Tanrı varsa her şey mübah mıdır?
Sözcü Gazetesi Yazarı Ayşe Sucu'nun bugünkü (16.01.2022)'' Tanrı varsa her şey mübah mıdır?'' başlıklı yazısı.
İmam Hatip kökenli bir felsefeci arkadaşımla sohbetimiz döndü dolaştı inanç meselesine geldi. “Üzülme ama çoktandır kendimle mücadele ediyordum” diyerek söze başladı ve -özetlemeye çalışacağım- şöyle devam etti: “İnançla ilgili sorunlar yaşarken, fikri zeminde ulaşabileceğim o son noktada ayaklarımın altından toprağın kayacağını düşünüyordum. Sanki iyiliklere yönelten Tanrı’nın emirlerinden ve nehiylerinden uzaklaşırım ve Dostoyevski’nin ‘Tanrı yoksa her şey mübah’ cümlesinde olduğu gibi acaba ben de her şeyi mübah görür müyüm diye korkuyordum.

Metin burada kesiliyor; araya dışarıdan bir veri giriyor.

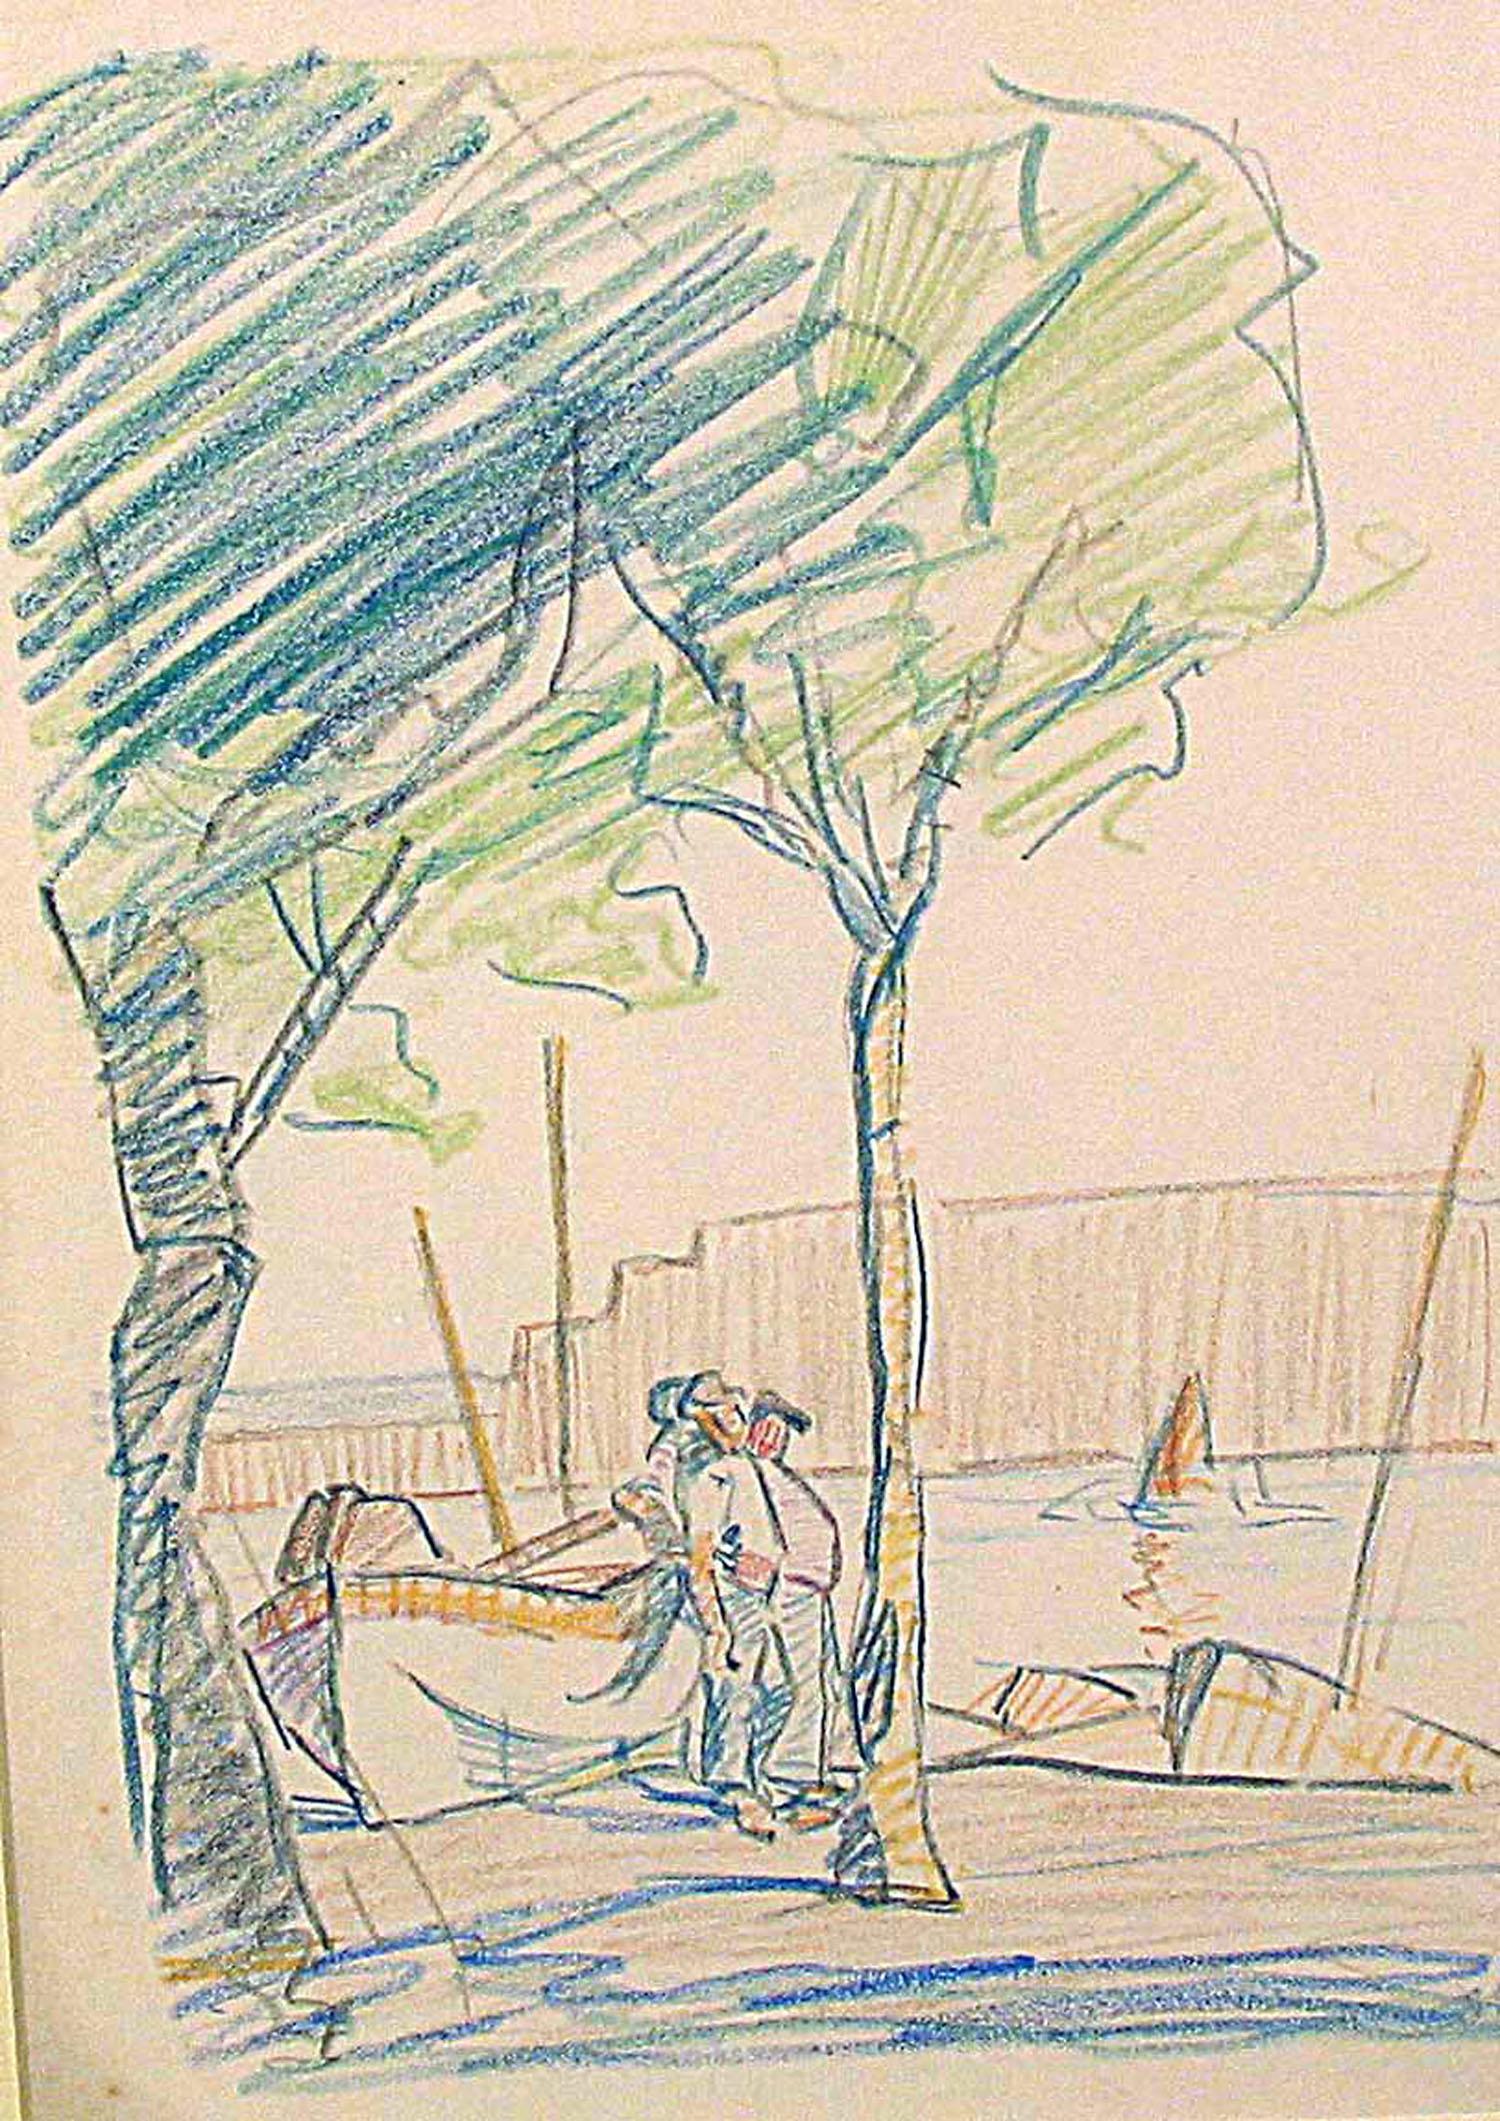 Mary Swanzy_c. 1919_Boatmen.jpg

Oysa J. Paul Sartre bunu alır, evet, ‘Tanrı yoktur ve her şey mübahtır’, der ama ‘Bunun sorumluluğunu alabiliyor musun’ diye de sorar. Çünkü ‘Tanrı yoktur’ demek, kişinin mutlak özgür olması anlamına gelir ki bu da insana büyük sorumluluk yükler” dedikten sonra şöyle bir durakladı ve devam etti: “Demem o ki, dinlerin anlattığı Tanrı’nın üzerimdeki gölgesi kalktıktan sonra kendimi özgür hissettim. Rahatladım. Şimdi bakıyorum yaşantıma, Tanrı’nın emrettiklerinin dışında yine farklı bir yaşam sürmüyorum, özgürüm ama omuzlarımdaki yük daha da ağırlaştı. Bunu günah ya da sevap duygusuyla yapmıyorum. Yaptığım zaman mutlu...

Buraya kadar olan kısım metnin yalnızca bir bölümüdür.